Another phase II trial, led by pediatric neuro-oncologist Matthias Karajannis, will test the drug crizotinib (Xalkori®) in children and adults with NF2 and progressive vestibular schwannoma.
Bringing Laboratory Findings to the Clinic
A critical step toward better treatments is understanding what happens in neurofibromatosis tumors that start out benign and then become cancerous. The Sloan Kettering Institute laboratory of Luis Parada, Director of the Brain Tumor Center, has a longstanding research interest in the development of NF1-associated tumors and it has developed genetically engineered mouse models that can provide essential information about what drives the tumors to become cancerous.

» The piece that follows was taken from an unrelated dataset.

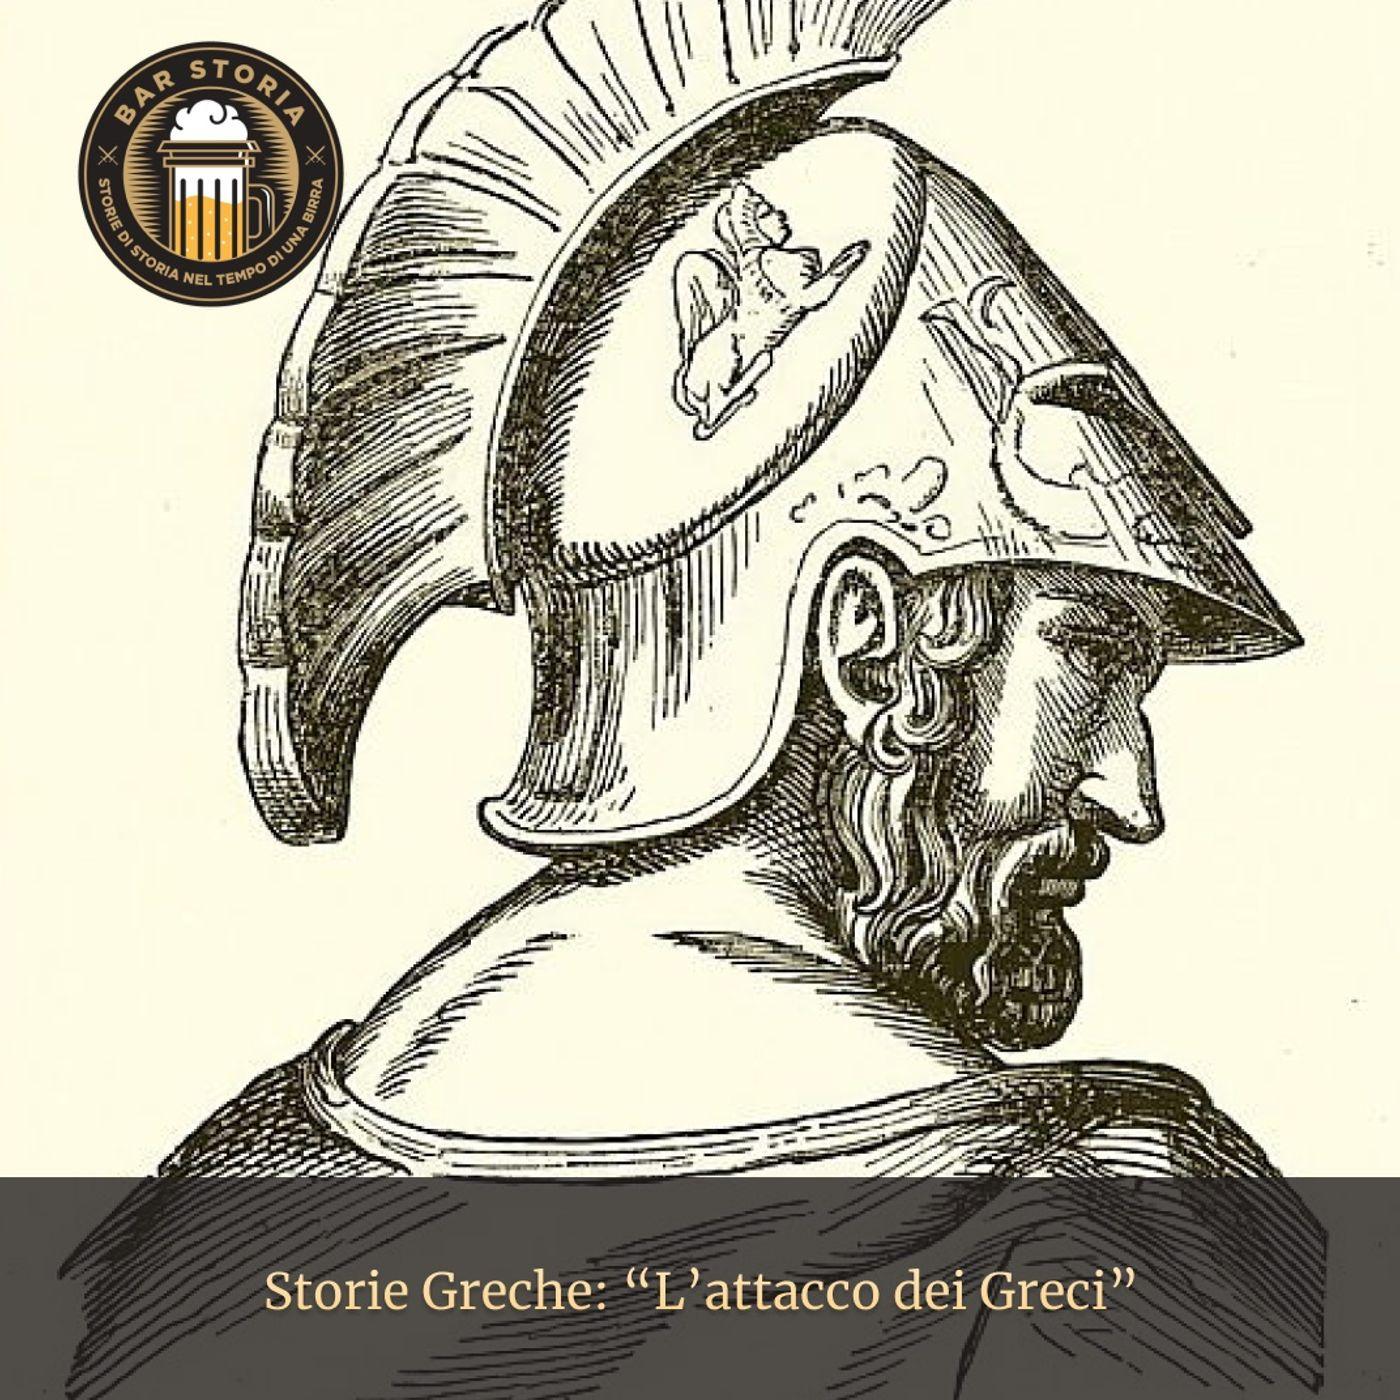 Storie Greche - L'attacco dei Greci
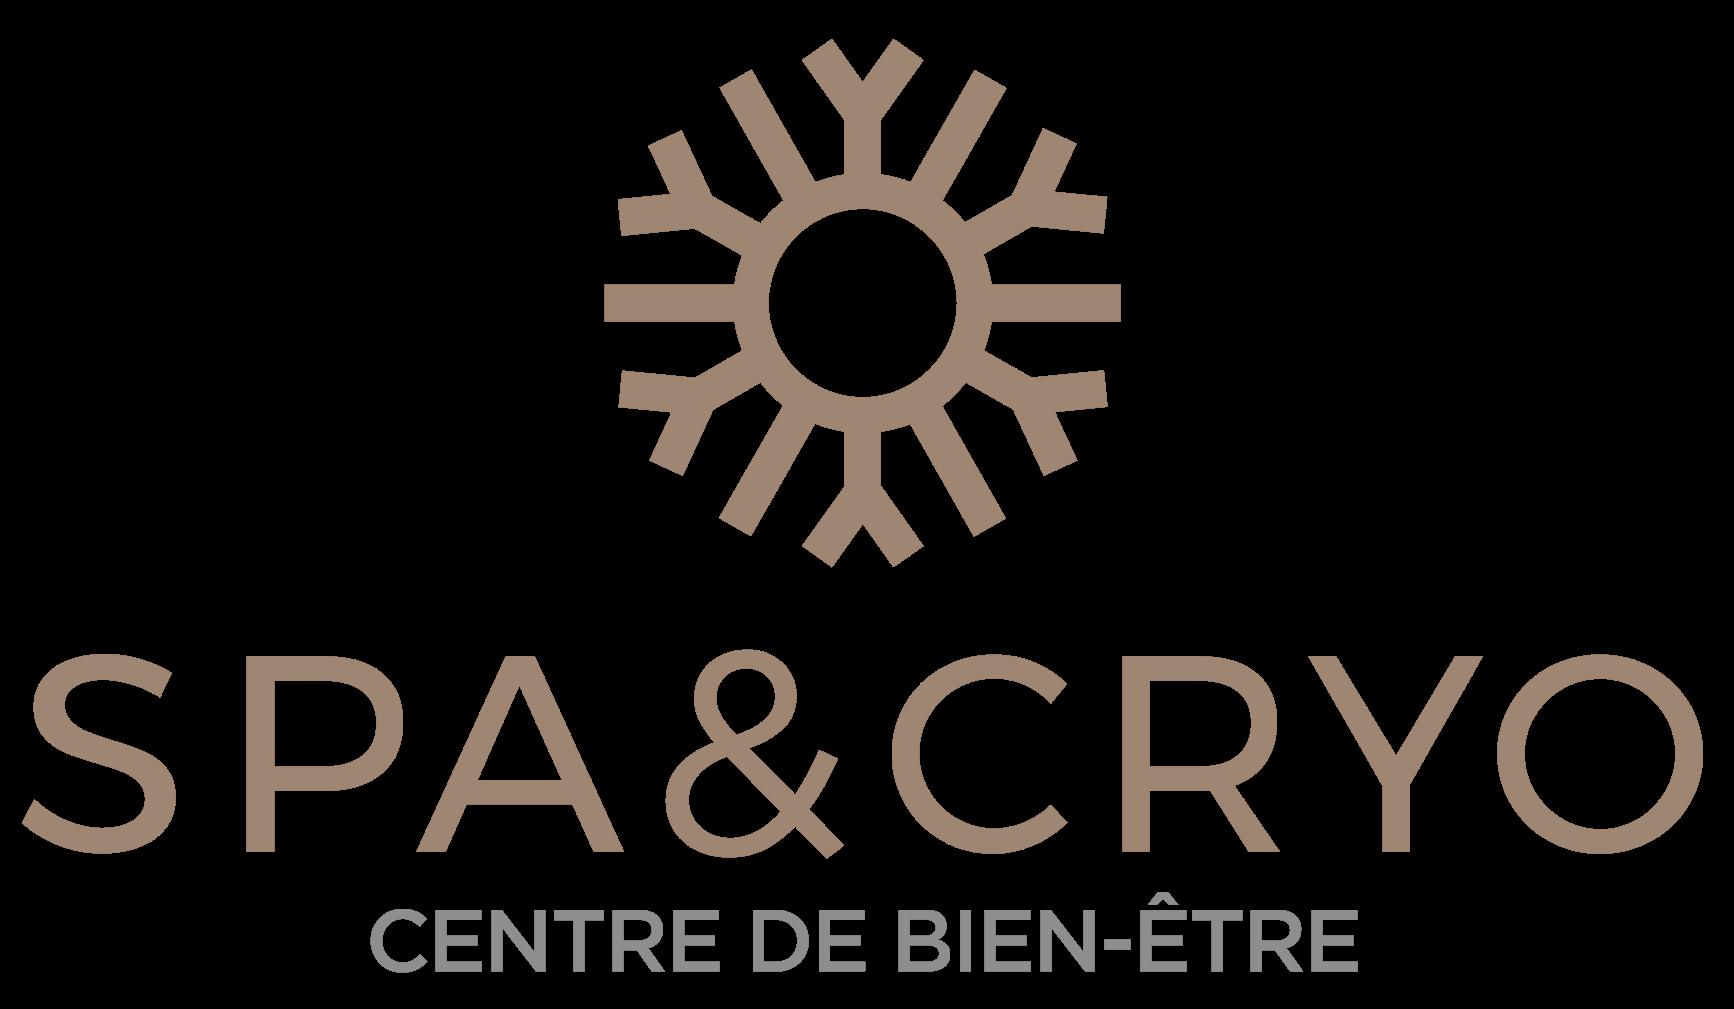 Spa & Cryo – Centre de bien-être

Ingo Mellinghoff, Chief of the Brain Tumor Service, Acting Co-Chair of Neurology, and physician-scientist in the Human Oncology and Pathogenesis Program (HOPP), is investigating gliomas that are associated with germline and sporadic mutations of NF1. In addition, physician-scientist Ping Chi is using cell, tissue, and mouse models to study the genetic and epigenetic changes that lead to the formation of certain NF1-associated soft tissue tumors.
MSK clinicians already use MSK-IMPACTTM, a DNA sequencing test, to determine which genetic changes make a neurofibromatosis tumor vulnerable to specific drugs. Recently, MSK researchers began using the test to compile a database of information about people with NF1 who go on to develop brain cancer. The genetic information is combined with other clinical information. The hope is that creating a molecular profile will shed light on what causes this more serious cancer to develop.